I had to let go of the attachment to even my body being the way that I thought an adult functioning body needed to be to feel like a whole, thriving human being. I spent the years following that doing deep work on myself to reclaim and build upon a new sense of wholeness without things going the way I thought they should go. That’s a bit of an origin story.

Unwinding the body’s dysfunctional human history to go into an evolutionary exploration, you can re-excite the cells to start moving in and teach you ways you don’t even know.

Thank you. It is so traumatic to go from being an athlete to being in a wheelchair and experiencing all that. Also, the aches–physical and emotional pain. So much pain. You said you did deep work. What kind of deep work? What was your deep work?
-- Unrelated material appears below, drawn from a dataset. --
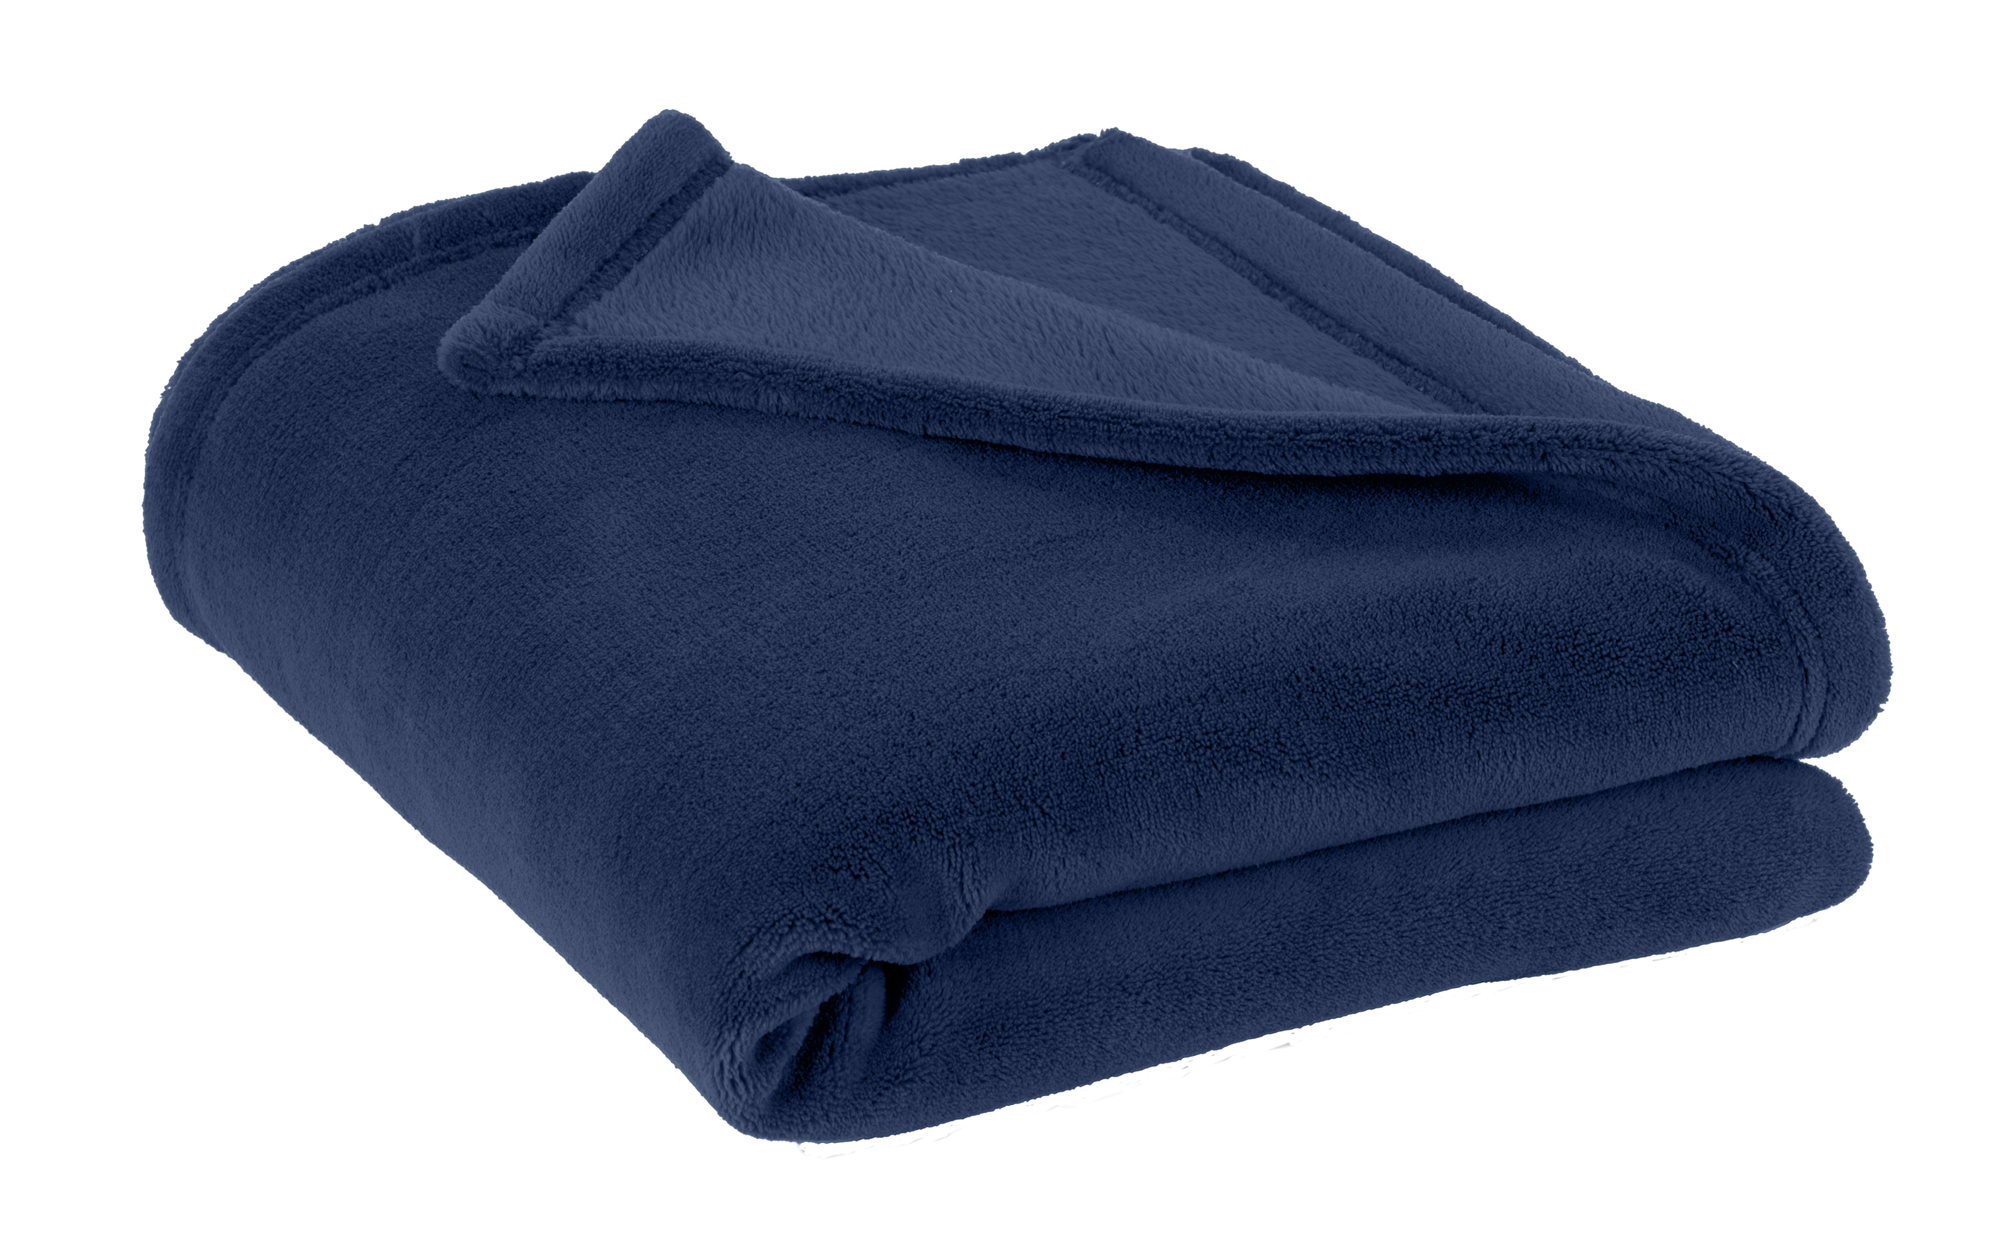 Trapp Plush Blanket | Trapp Technology
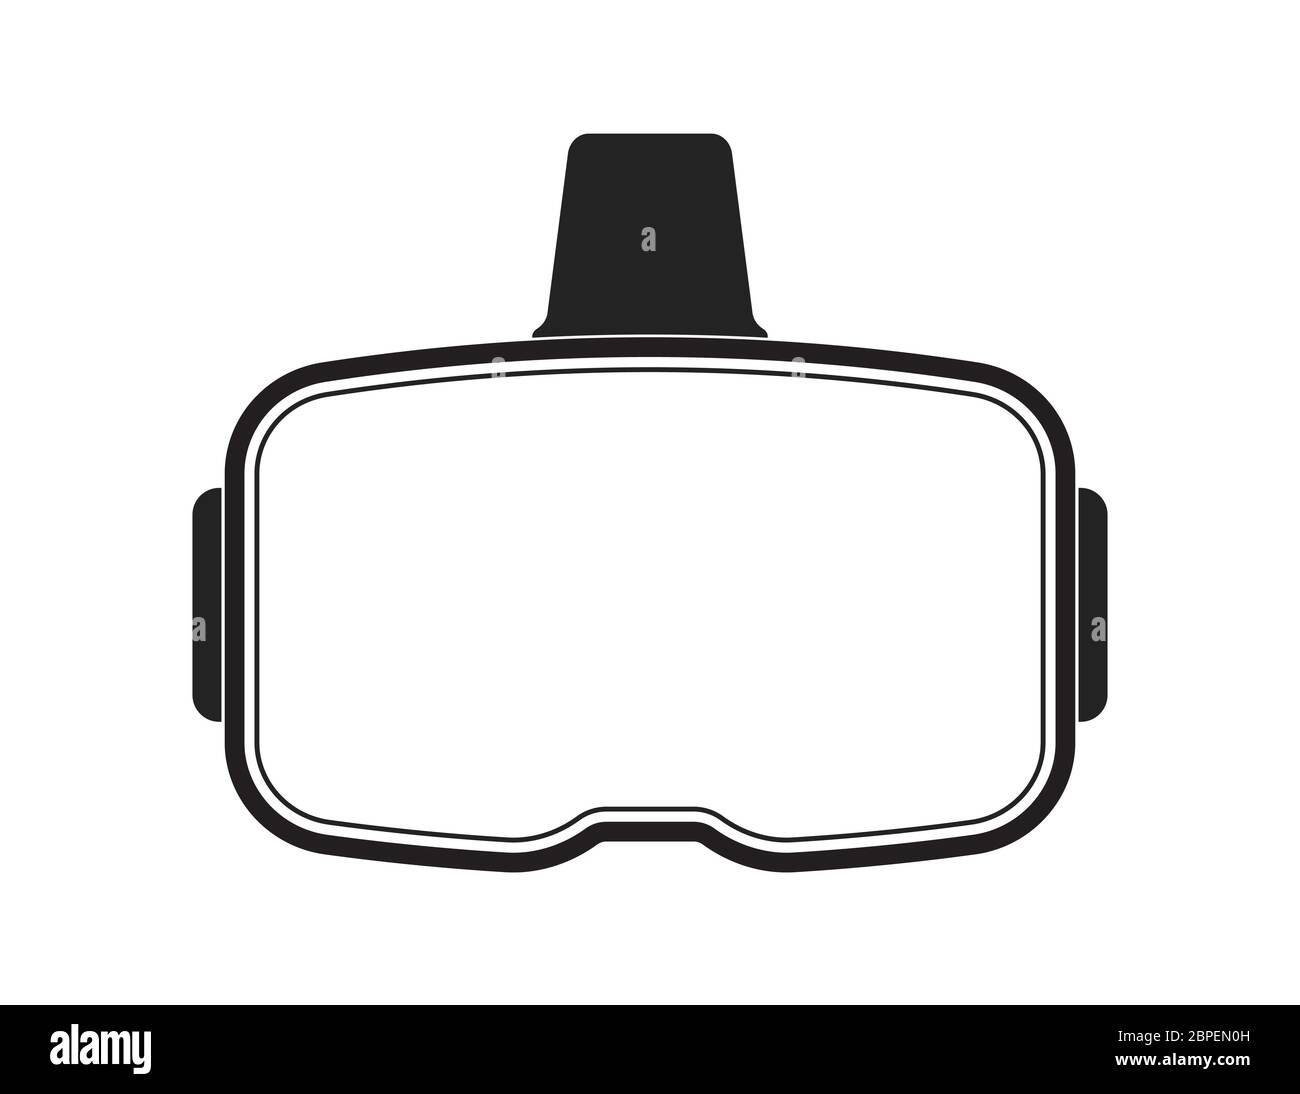 VR headset with blank visor for custom modifications Stock Photo

My deep work started with a mentor named Emilie Conrad. She died about ten years ago, in 2014. In early 2000, I started to study movement with her because she was the only person in the world at the time who had succeeded in helping people with paralysis recover body function. I was like, “If there’s one person in the world who can help me, I’m going to learn from her.”

I studied under her for a while. She created a movement practice called the Continuum Movement, which was extraordinary in its scope because it was really about helping those with paralysis. That was the leading edge of where she was going with her work, but her work was really about understanding that so much of the movement, even in able-bodied individuals, was largely encumbered by how we have learned to use our bodies. Most people aren’t really in their bodies at all. Most people are in their heads, using their heads to govern the direction of their body versus having a relationship with the body’s intelligence.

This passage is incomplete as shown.